## To do
Omit the images, then repeat the listing exactly.

## Given data
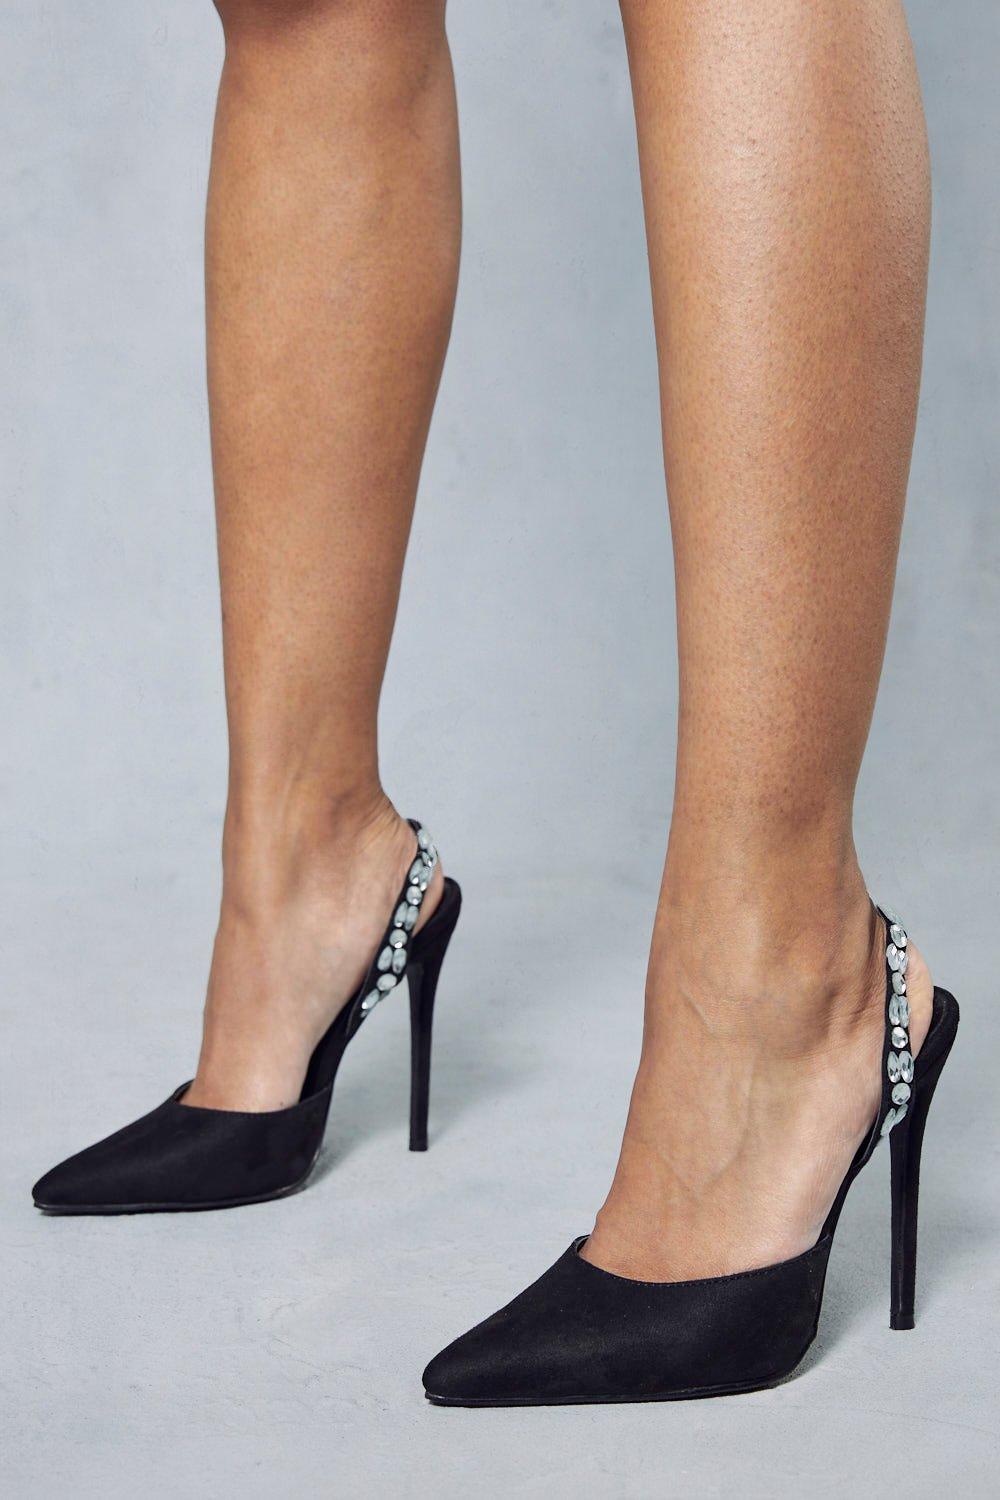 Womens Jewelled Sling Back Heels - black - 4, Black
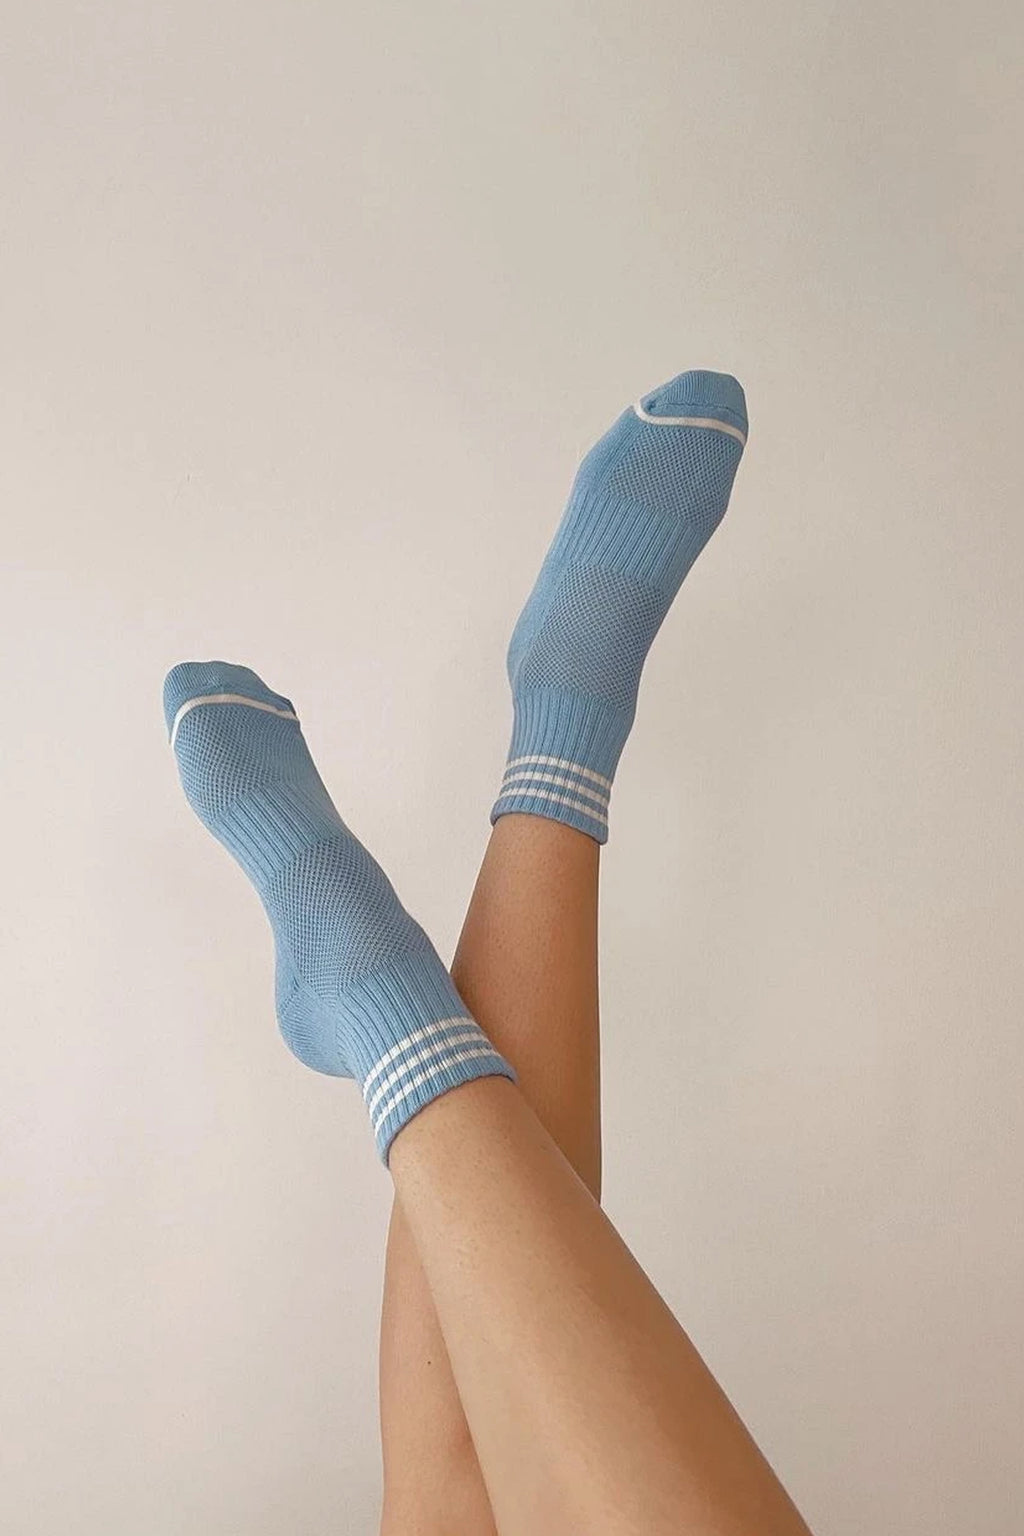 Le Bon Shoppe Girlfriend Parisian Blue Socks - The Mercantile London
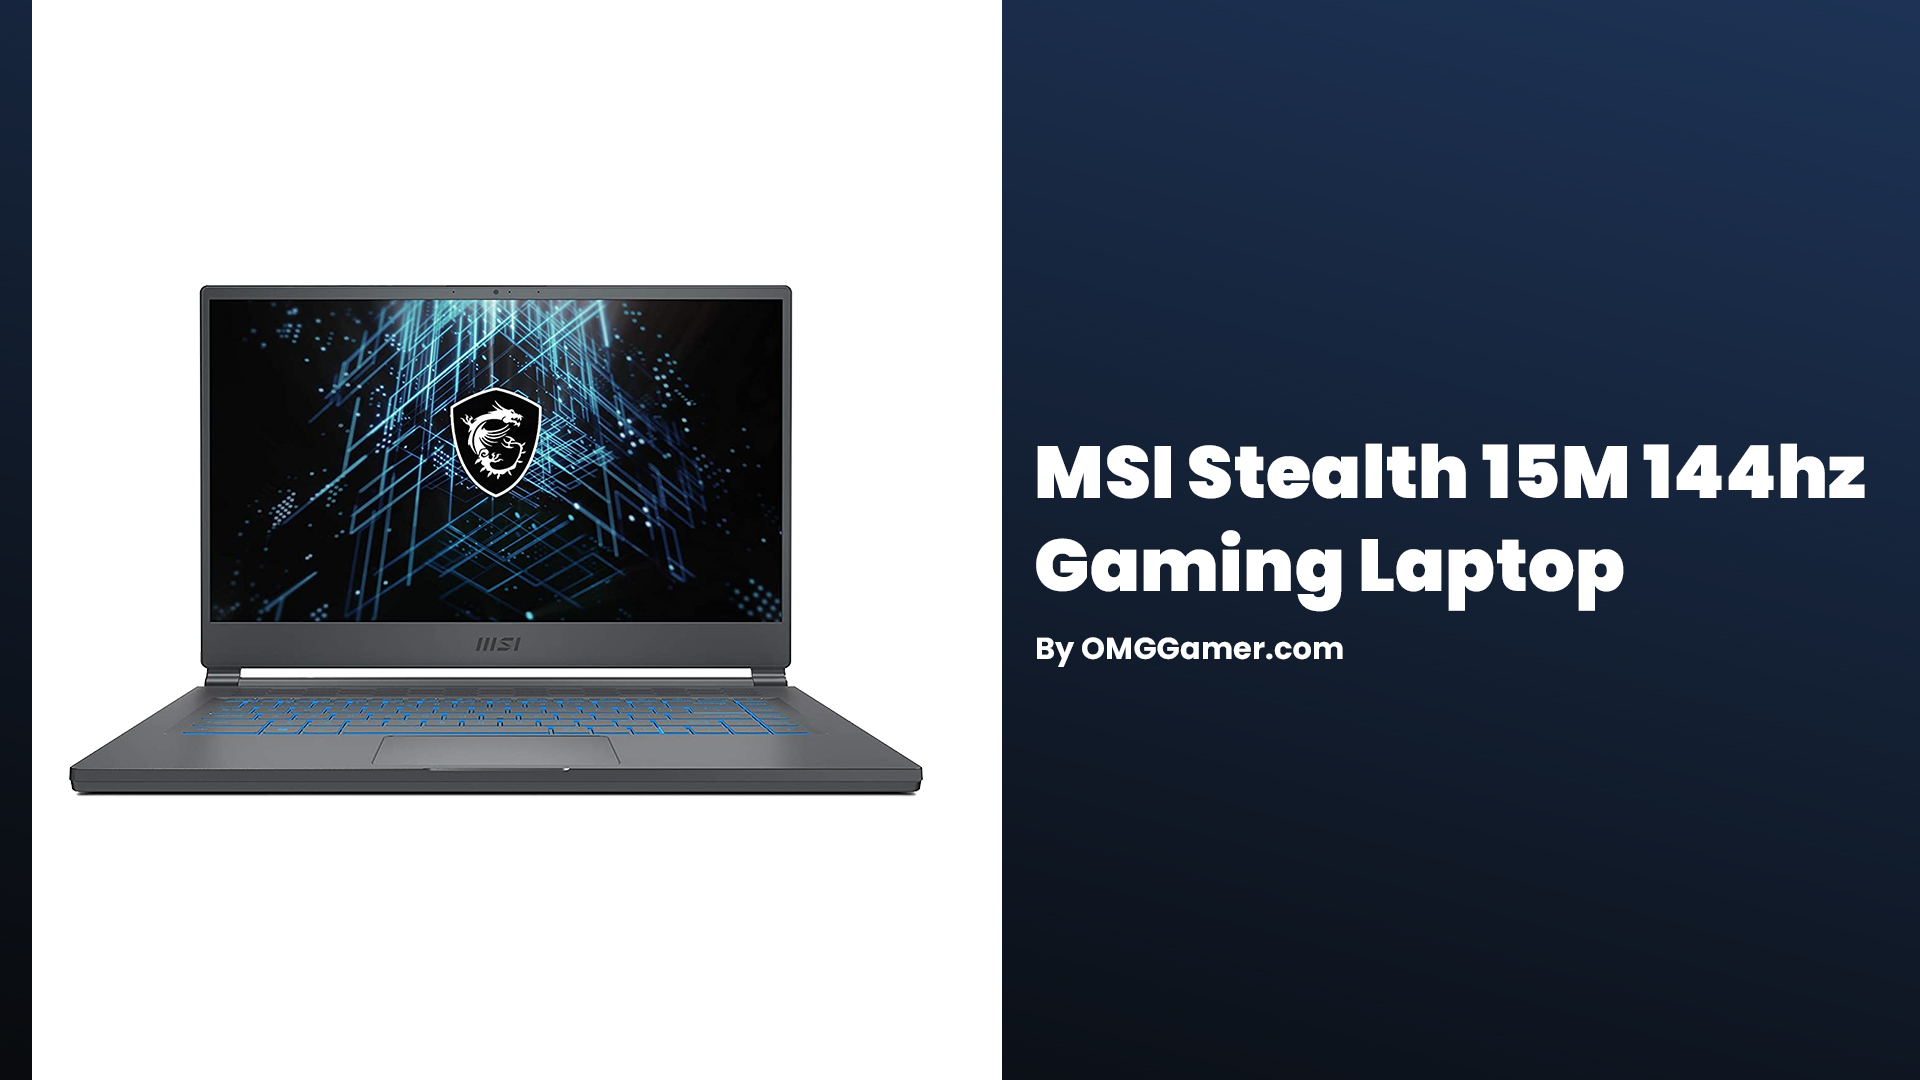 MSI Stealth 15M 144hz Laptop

## Your solution
 Womens Jewelled Sling Back Heels - black - 4, Black
 Le Bon Shoppe Girlfriend Parisian Blue Socks - The Mercantile London
 MSI Stealth 15M 144hz Laptop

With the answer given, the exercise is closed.